◆ REQUIRED ACTION
Without the images, print every line of the material below exactly as given.
SUPPLIED DATA Block Start
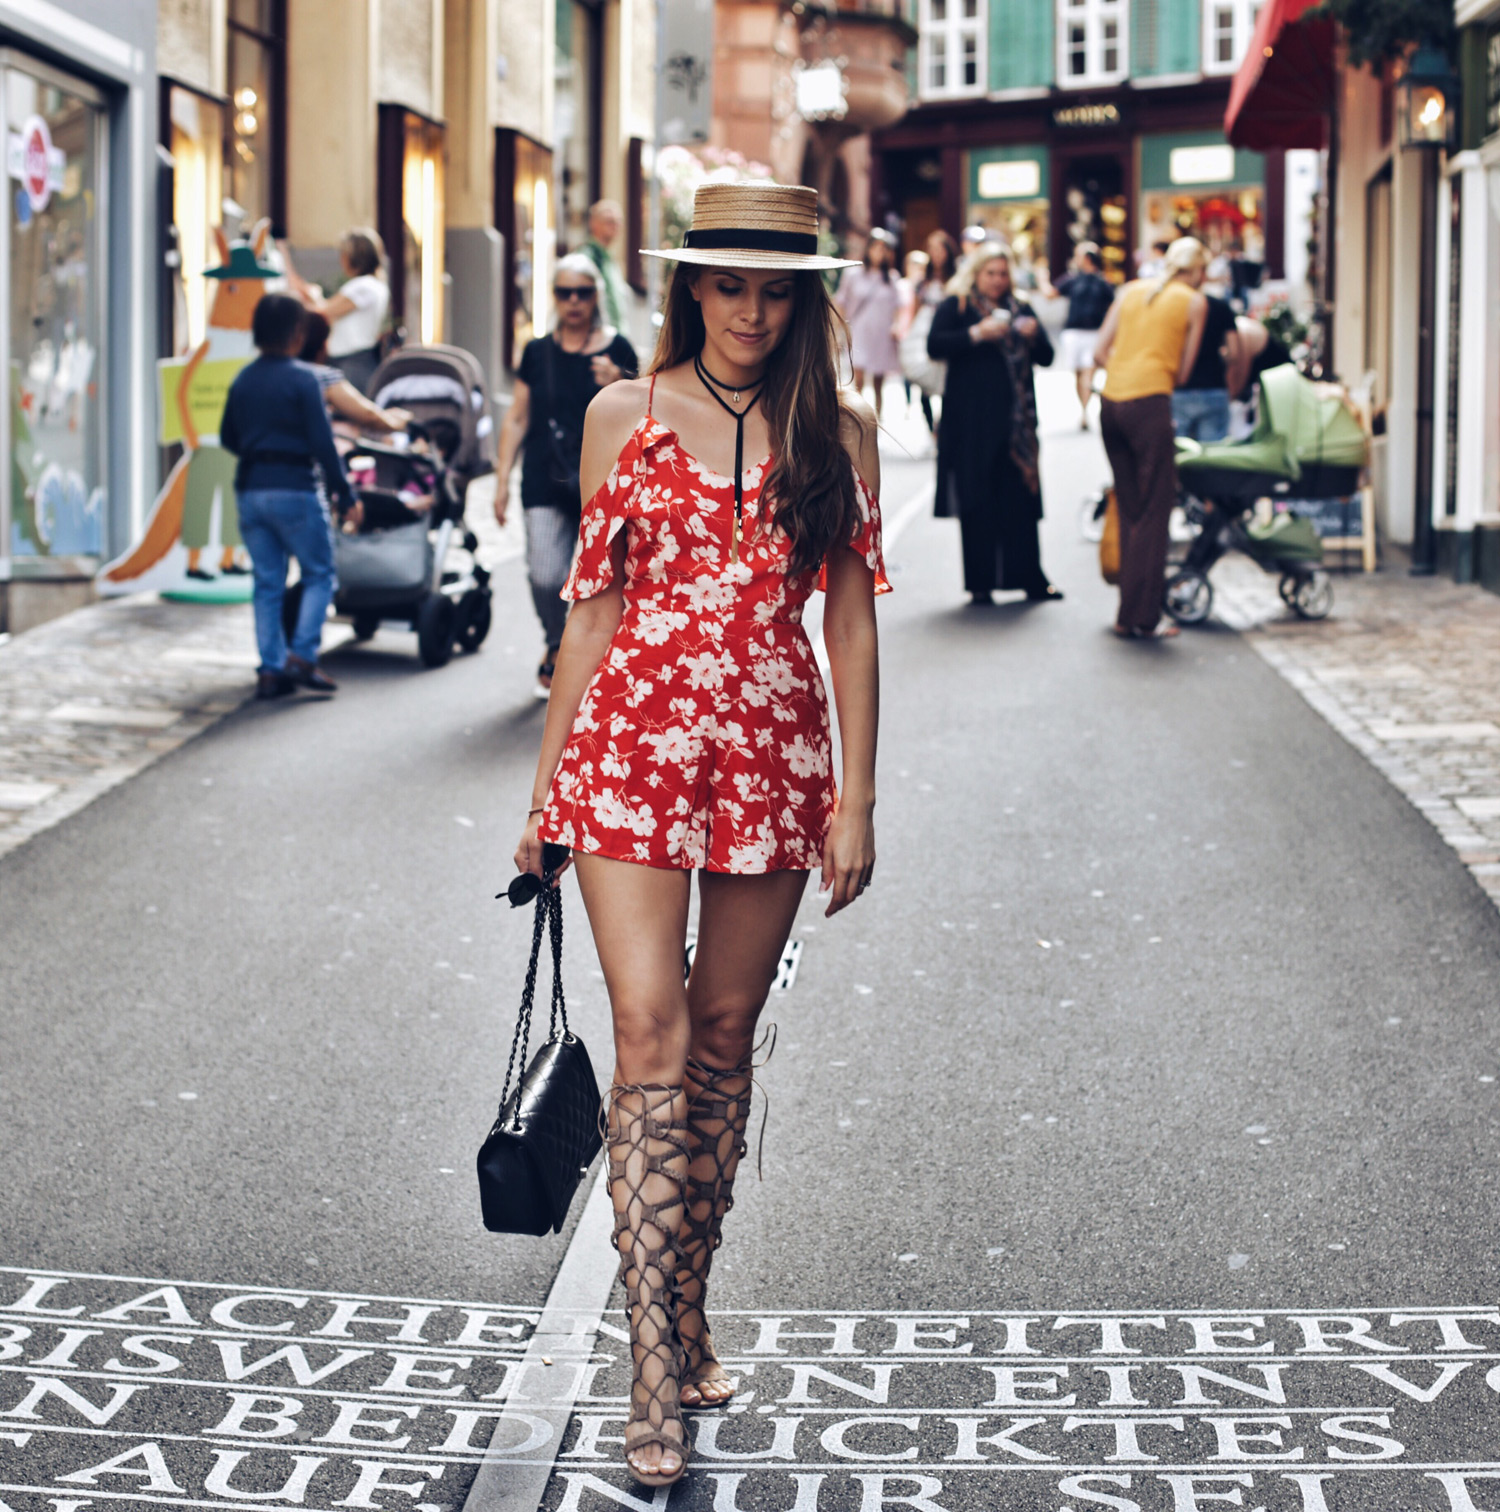 Rompin' in Basel Switzerland | The Charming Olive by Adelina Perrin
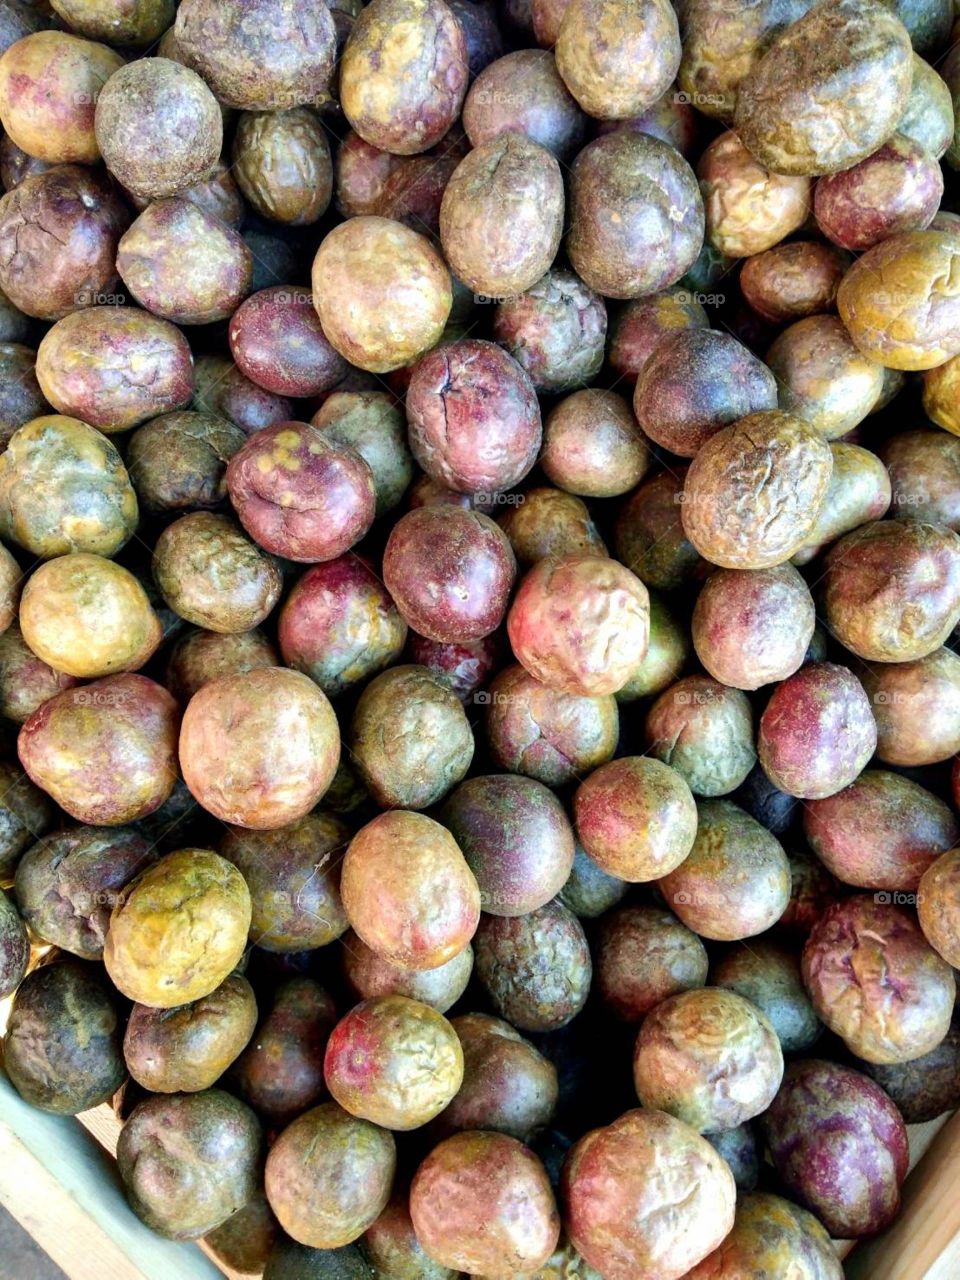 Passion fruit for sale in market.
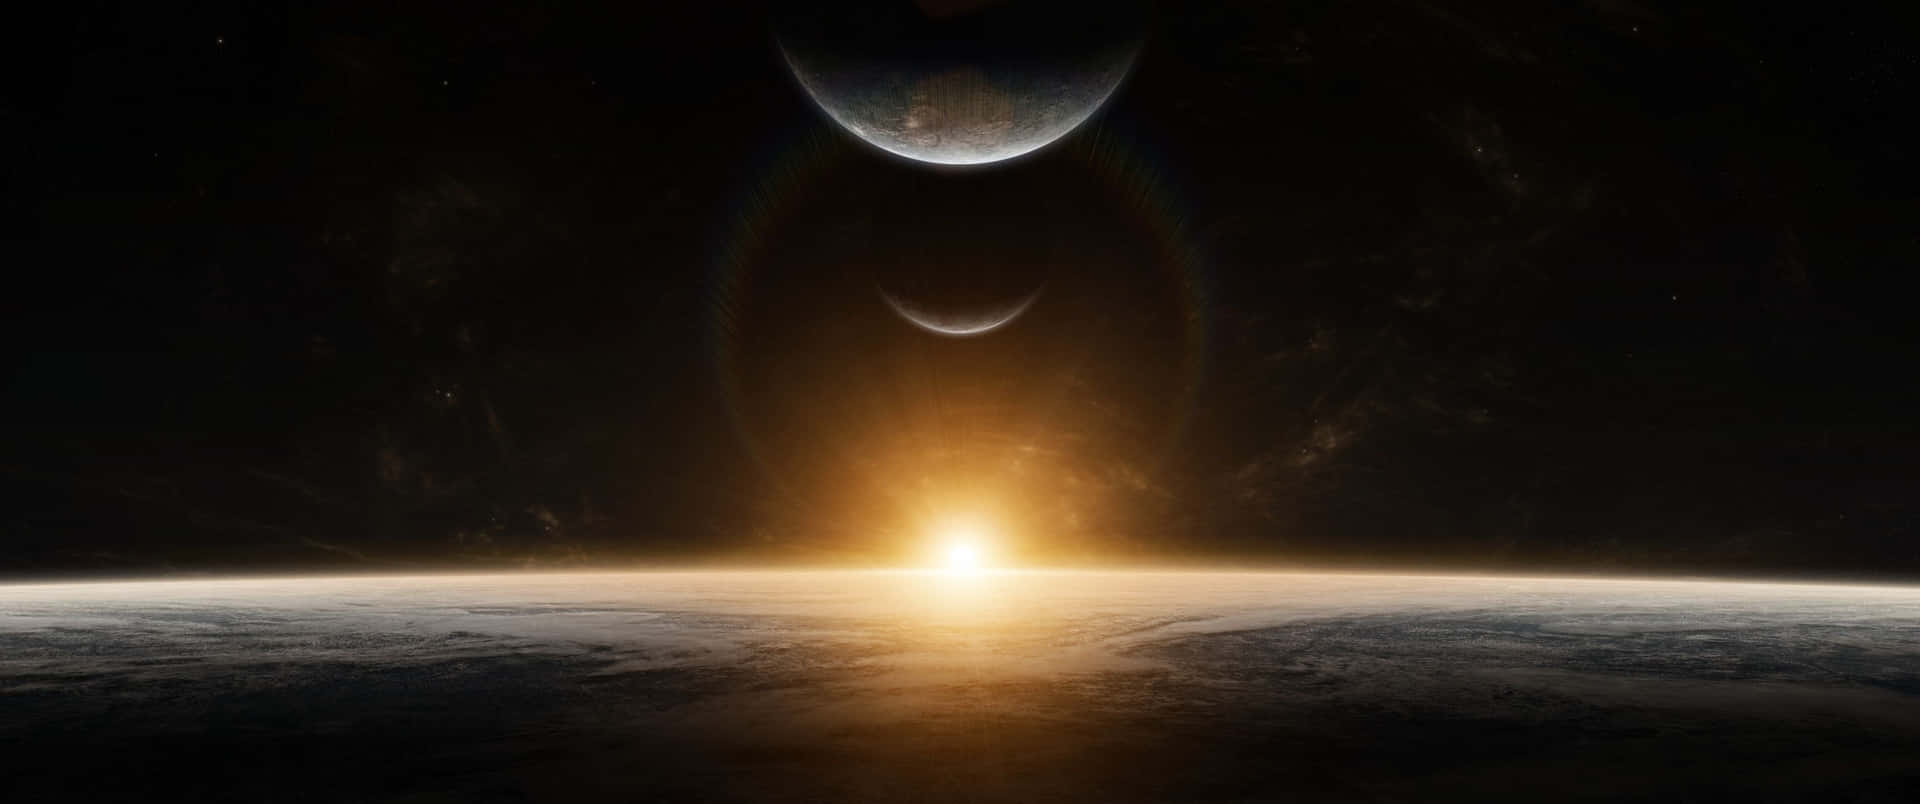 the sun rising over the earth and moon
SUPPLIED DATA Block End
◆ THE COMPLETED TASK
 Rompin' in Basel Switzerland | The Charming Olive by Adelina Perrin
 Passion fruit for sale in market.
 the sun rising over the earth and moon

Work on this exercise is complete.